JPH05205B2 - - Google Patents

Description

DETAILED DESCRIPTION OF THE INVENTION The present invention relates to an injection mold device for molding synthetic resin screw caps, and more specifically, its purpose is to significantly reduce the cost required for the mold device. It is something to do.

Mold equipment for injection molding is known to be extremely expensive, but mold equipment for screw cap molding in particular requires rotation of one of the molds, the core, to release the molded product. It has to be driven, which makes the structure complex and expensive.

In addition, since screw caps are small in size, they are generally made in large numbers using one molding device, and the molding device is also manufactured in such a configuration, making the structure that much more complex. Furthermore, as is well known, this type of synthetic resin screw cap always has different shapes and dimensions depending on the type of bottle to be assembled and the type of contents stored in this bottle.

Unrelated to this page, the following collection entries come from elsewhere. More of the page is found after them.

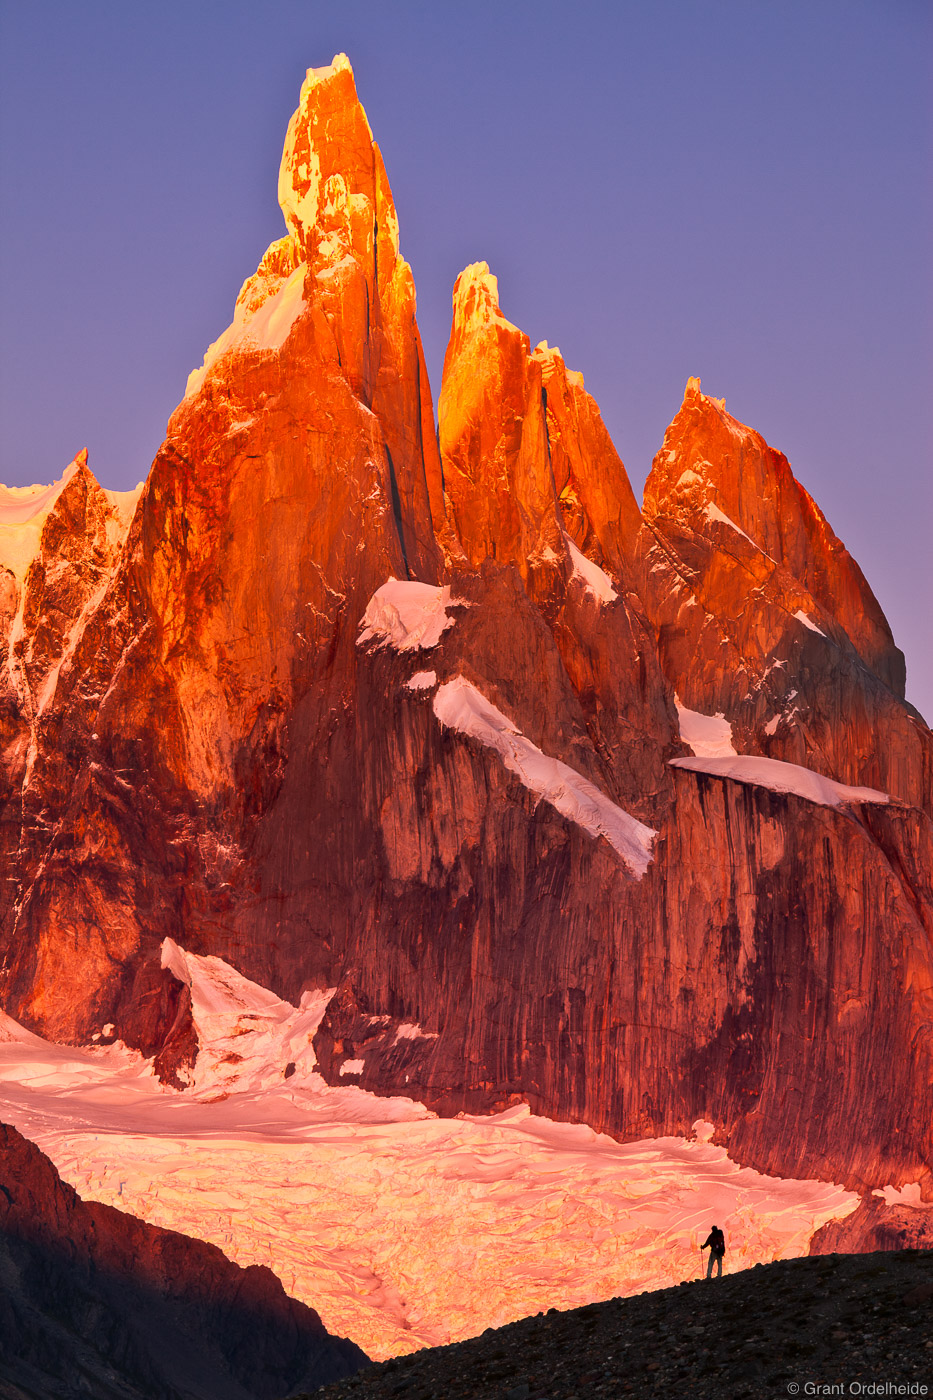 Cerro, torre, scale, El Chaltén, argentina, hiker, watches, sunrise, massive, peaks, egger, standhardt, photo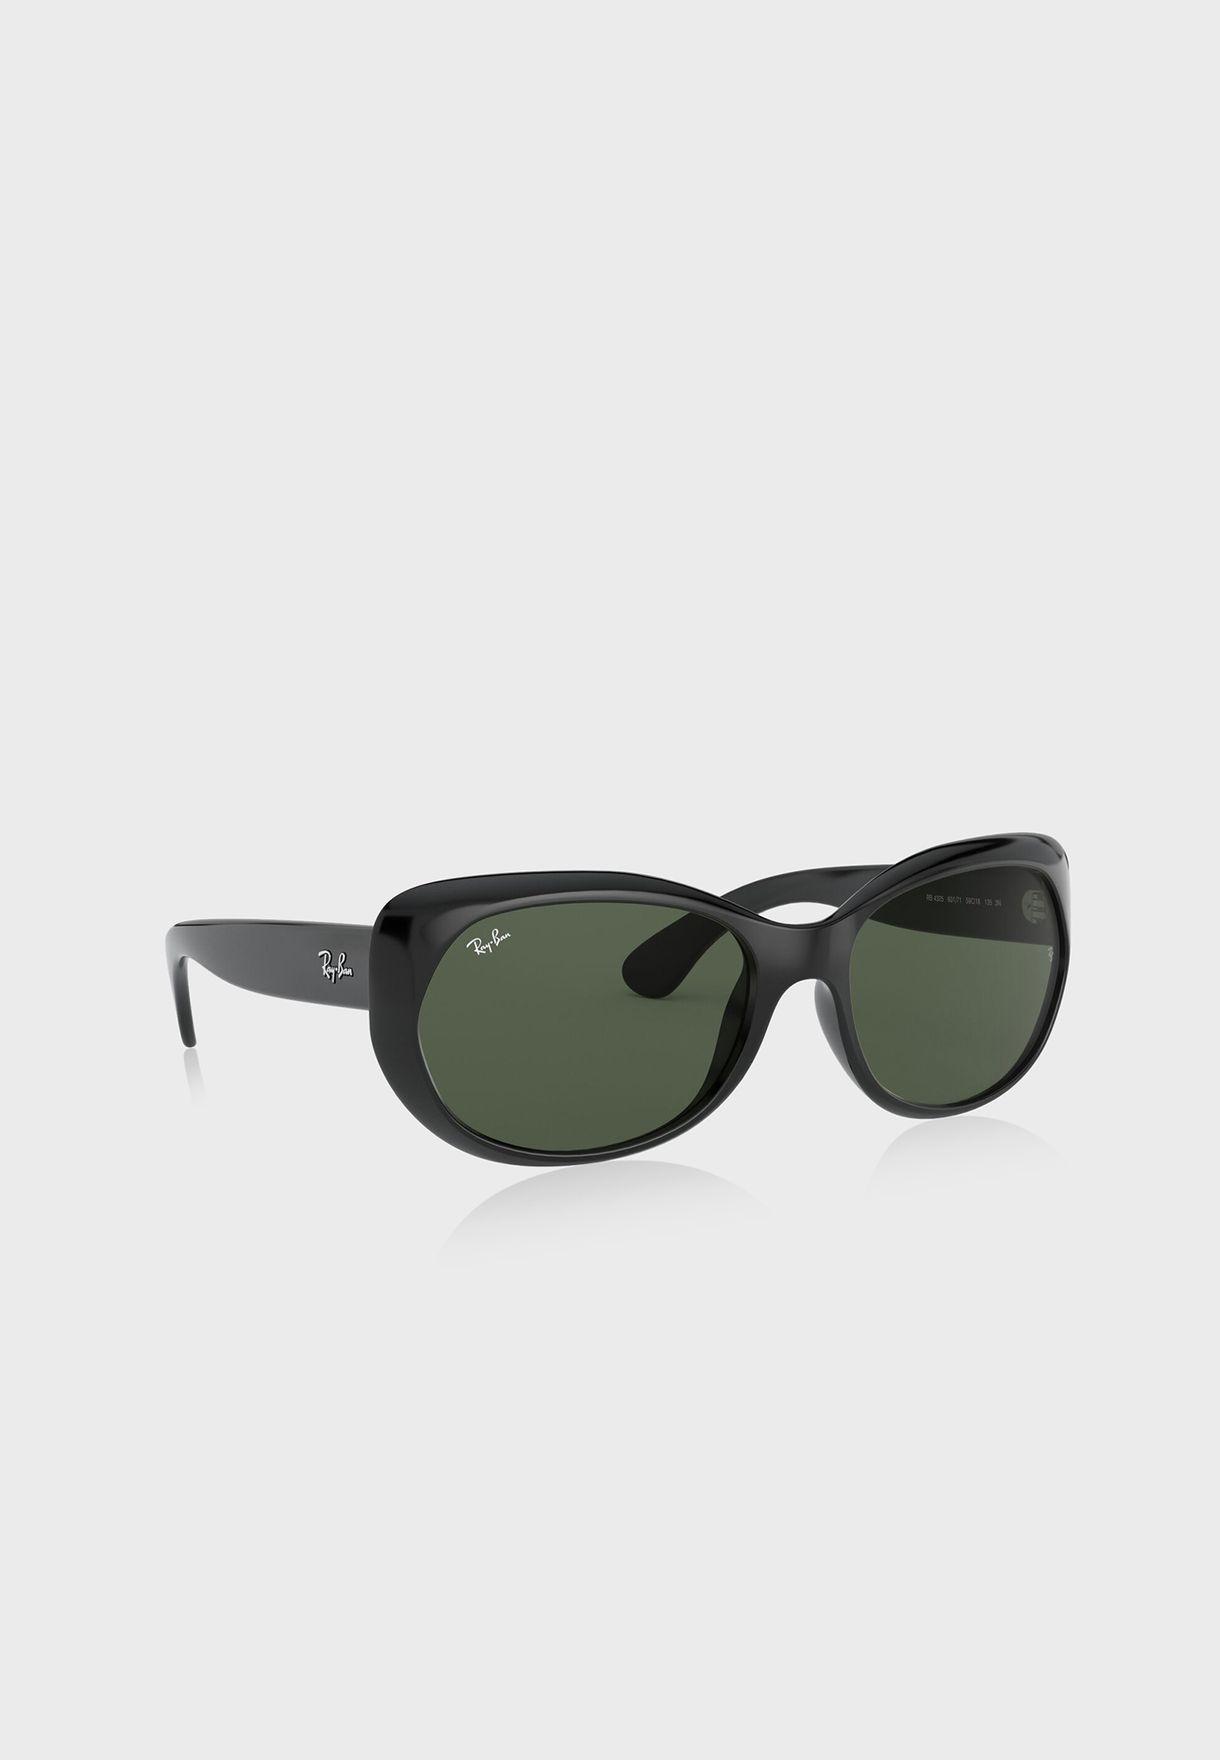 0Rb4325 Oversized Sunglasses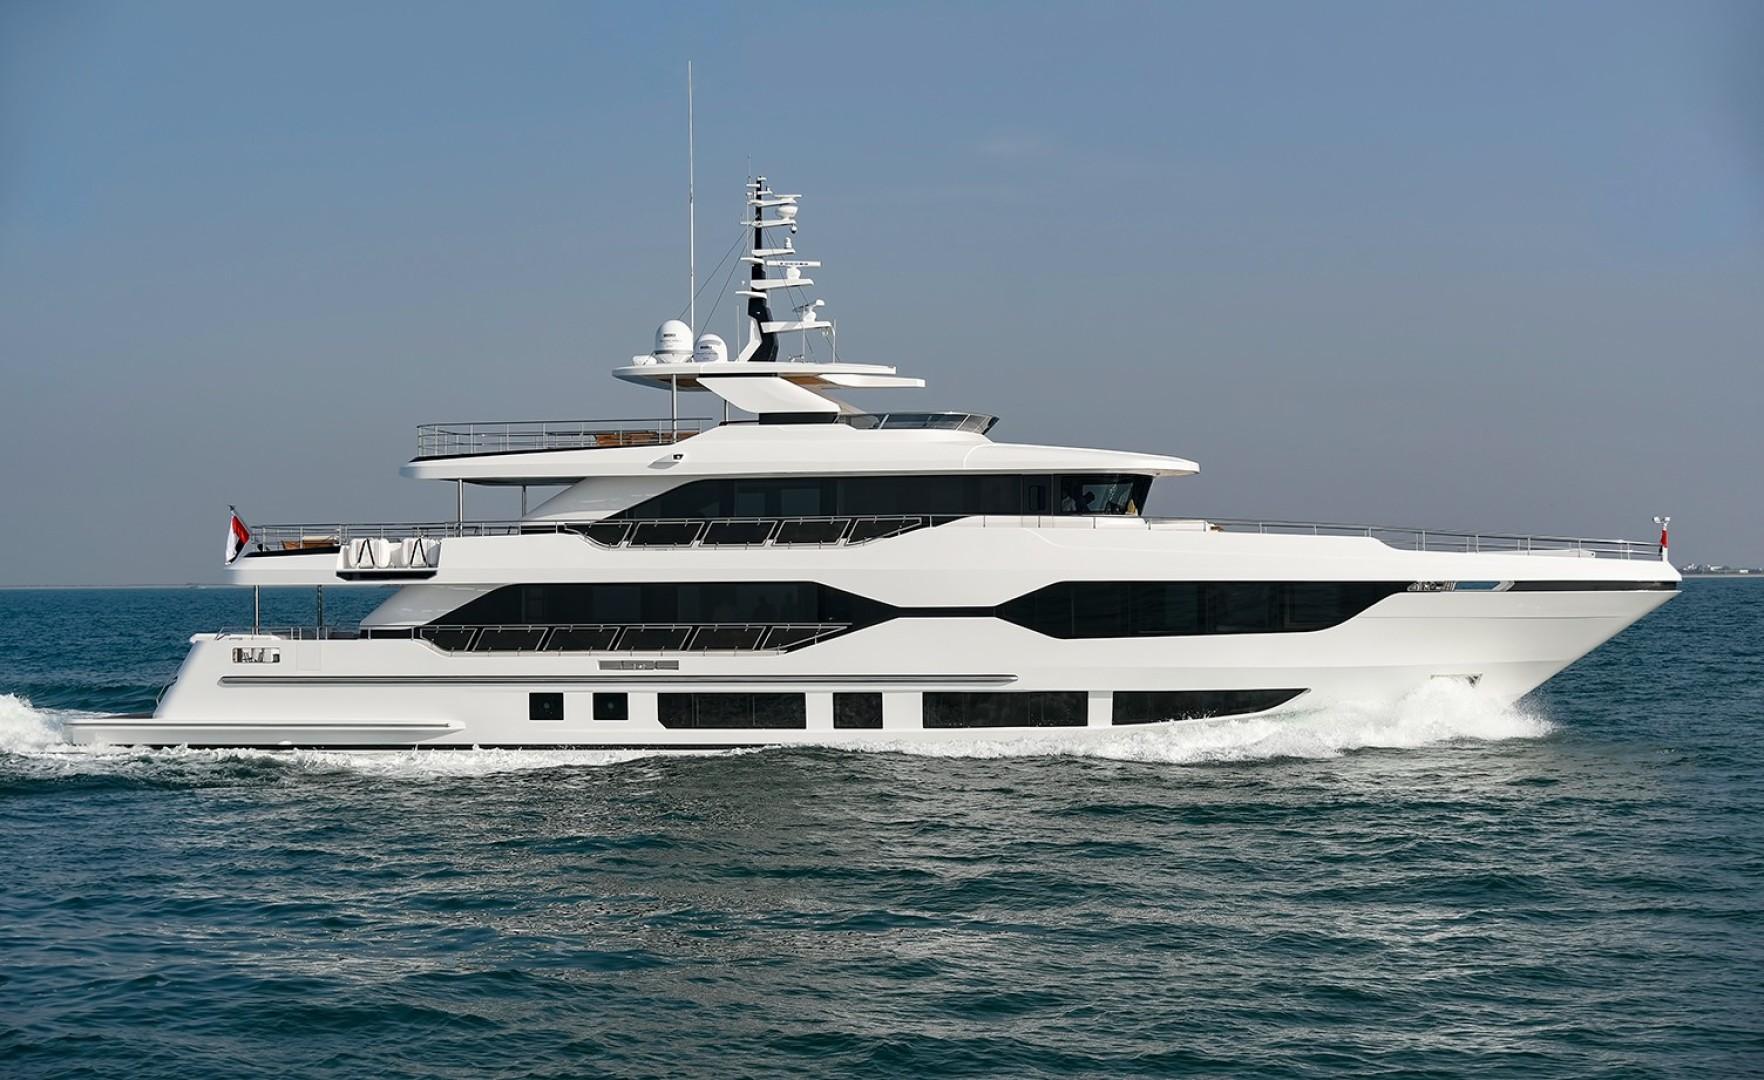 MAJESTY 120 is a Majesty Yachts Raised Pilothouse Yacht For Sale-Profile-0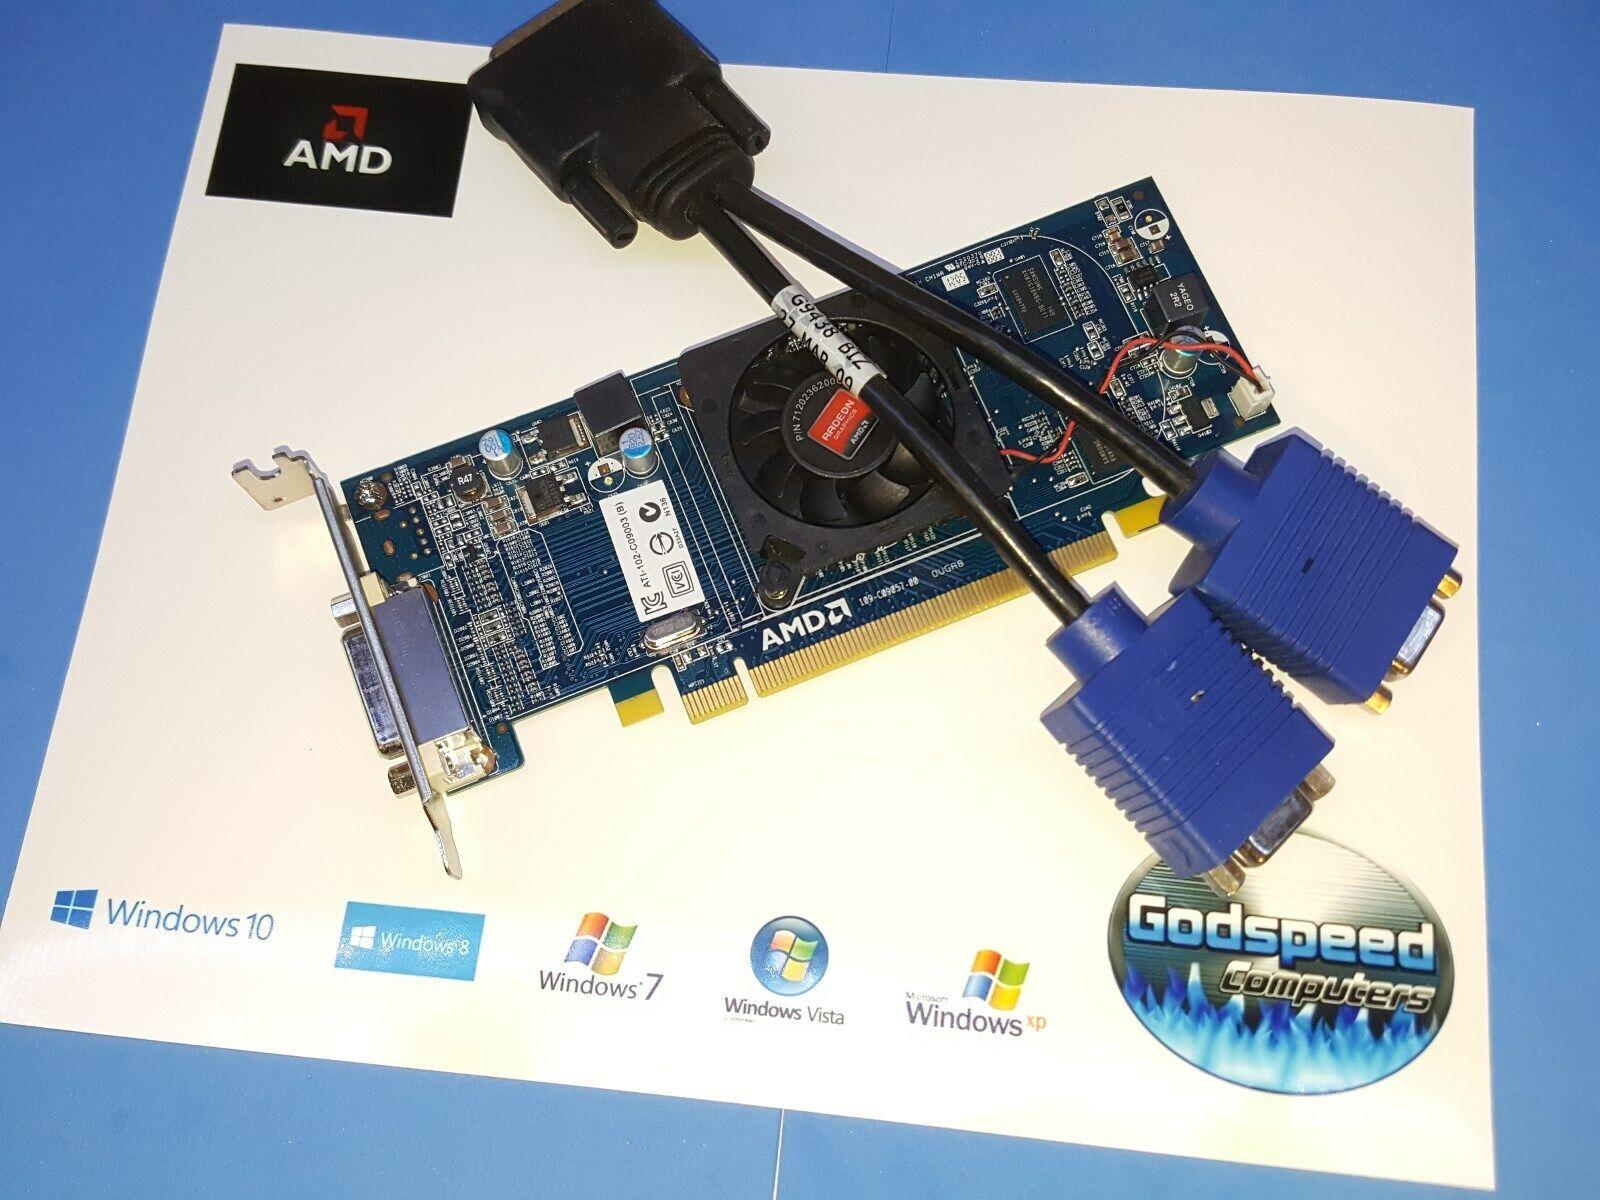 HP Pavilion s5503w s5510f s5510t s5510y Dual Display VGA Low Profile Video Card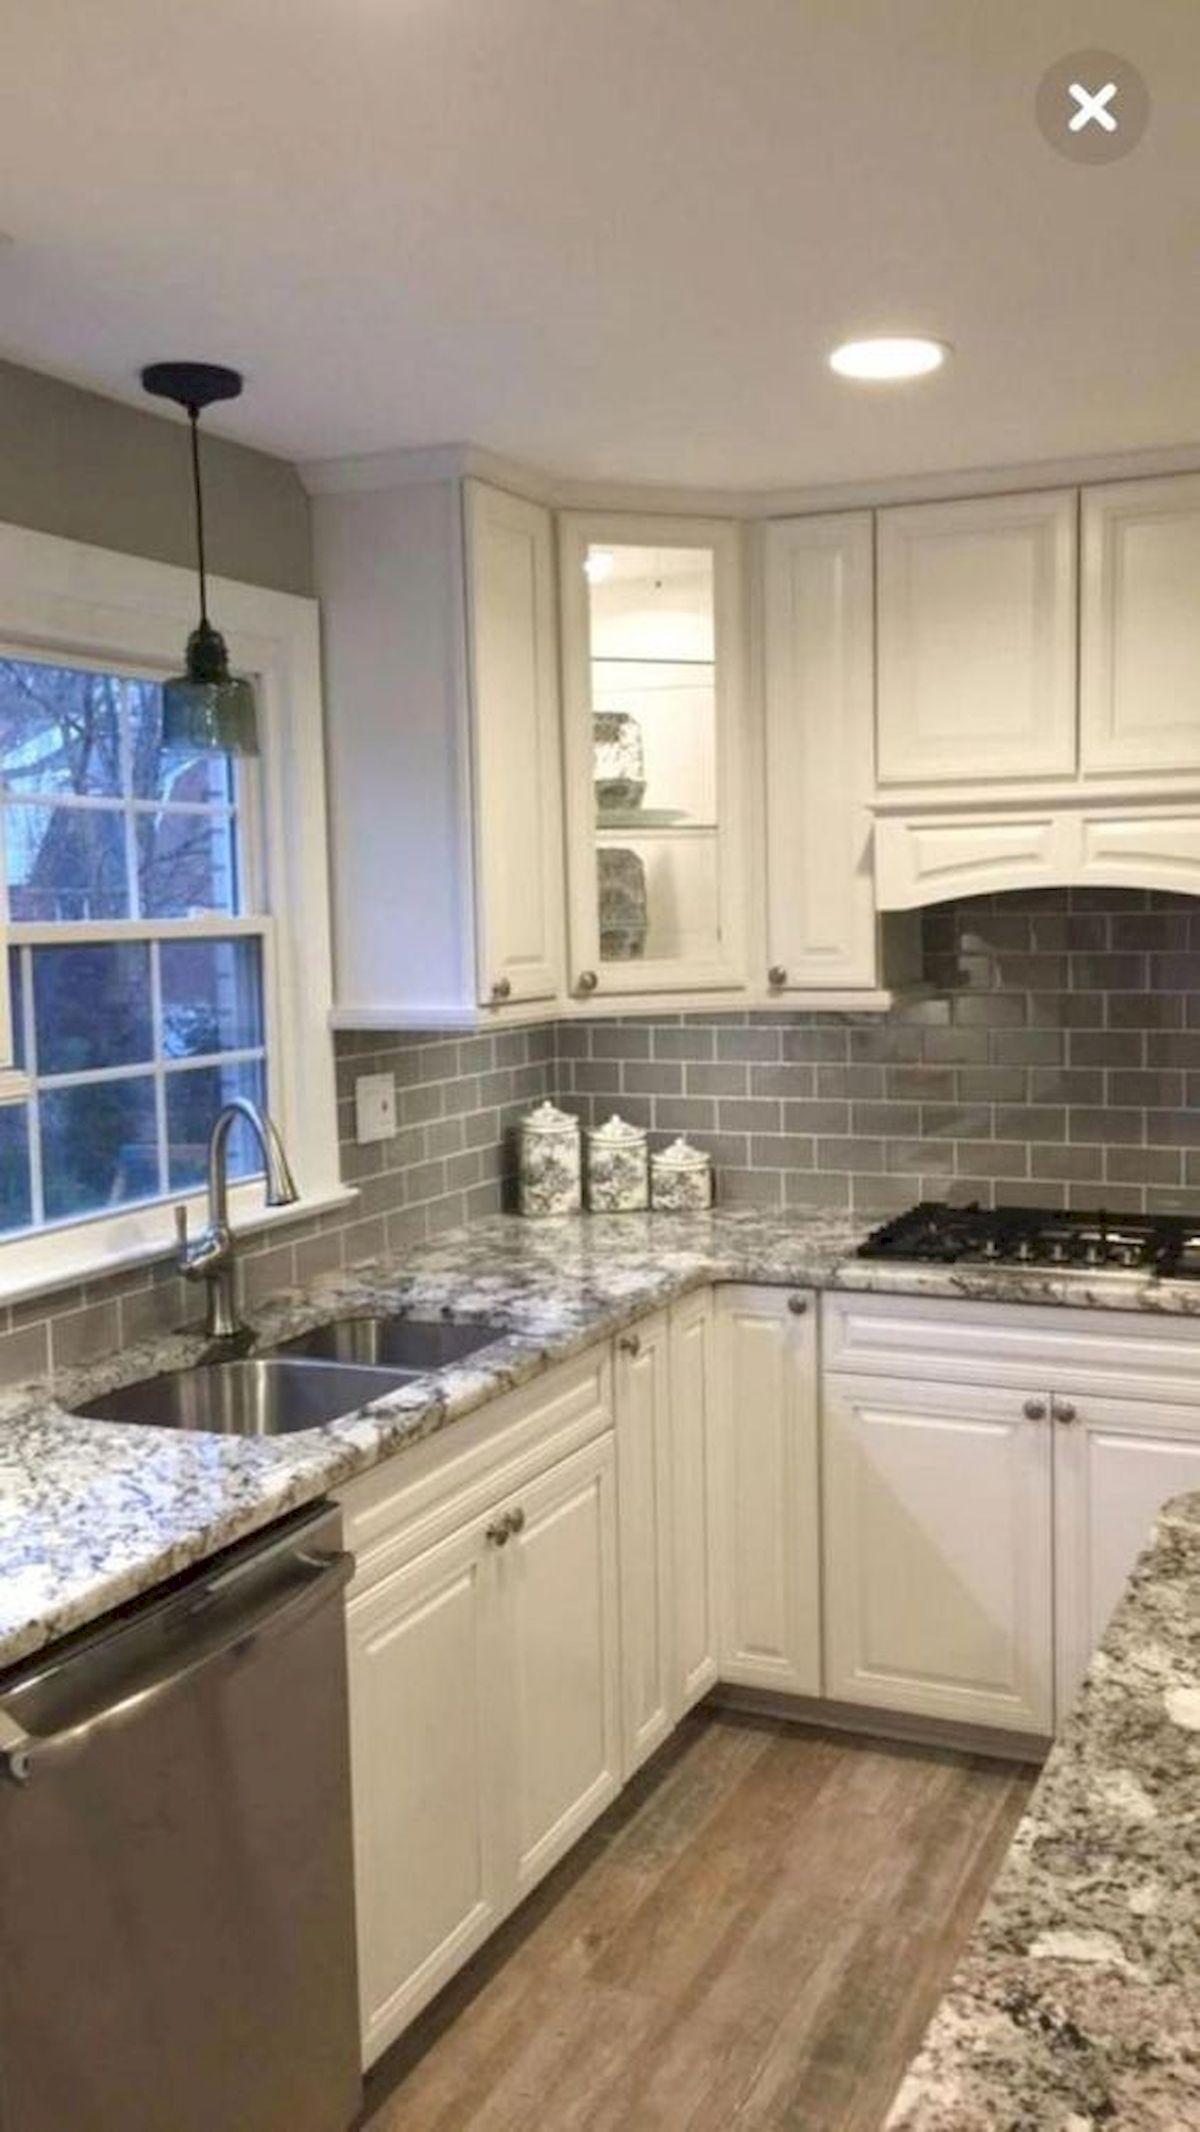 45 Easy Kitchen Decor and Design Ideas (2)

Since the screw caps are different from each other, it is necessary to manufacture a special mold device for each screw cap, and the cost required for the mold device is enormous.

Furthermore, even if the mold equipment is for molding small molded products such as screw caps, the overall size of the equipment will never be small due to its relationship with the injection molding machine, and this will result in a large number of molds being used. Storing and storing the equipment required a huge amount of space and a lot of effort.

The present invention was devised to solve the above-mentioned drawbacks and problems in the conventional example, and in this type of injection molding mold device, it is necessary to follow the difference in shape of the screw cap to be molded. What does not happen is mainly the cavity and core,
Focusing on the fact that the combinations of various plates and various pins that cause each plate to perform predetermined operations are common regardless of the shape of the screw cap to be molded, we developed a mold device. It is divided into a part consisting of various plates and pins, and a part having a cavity and core that form the mold space for the molded product, and the two parts can be used in an appropriate combination. It is.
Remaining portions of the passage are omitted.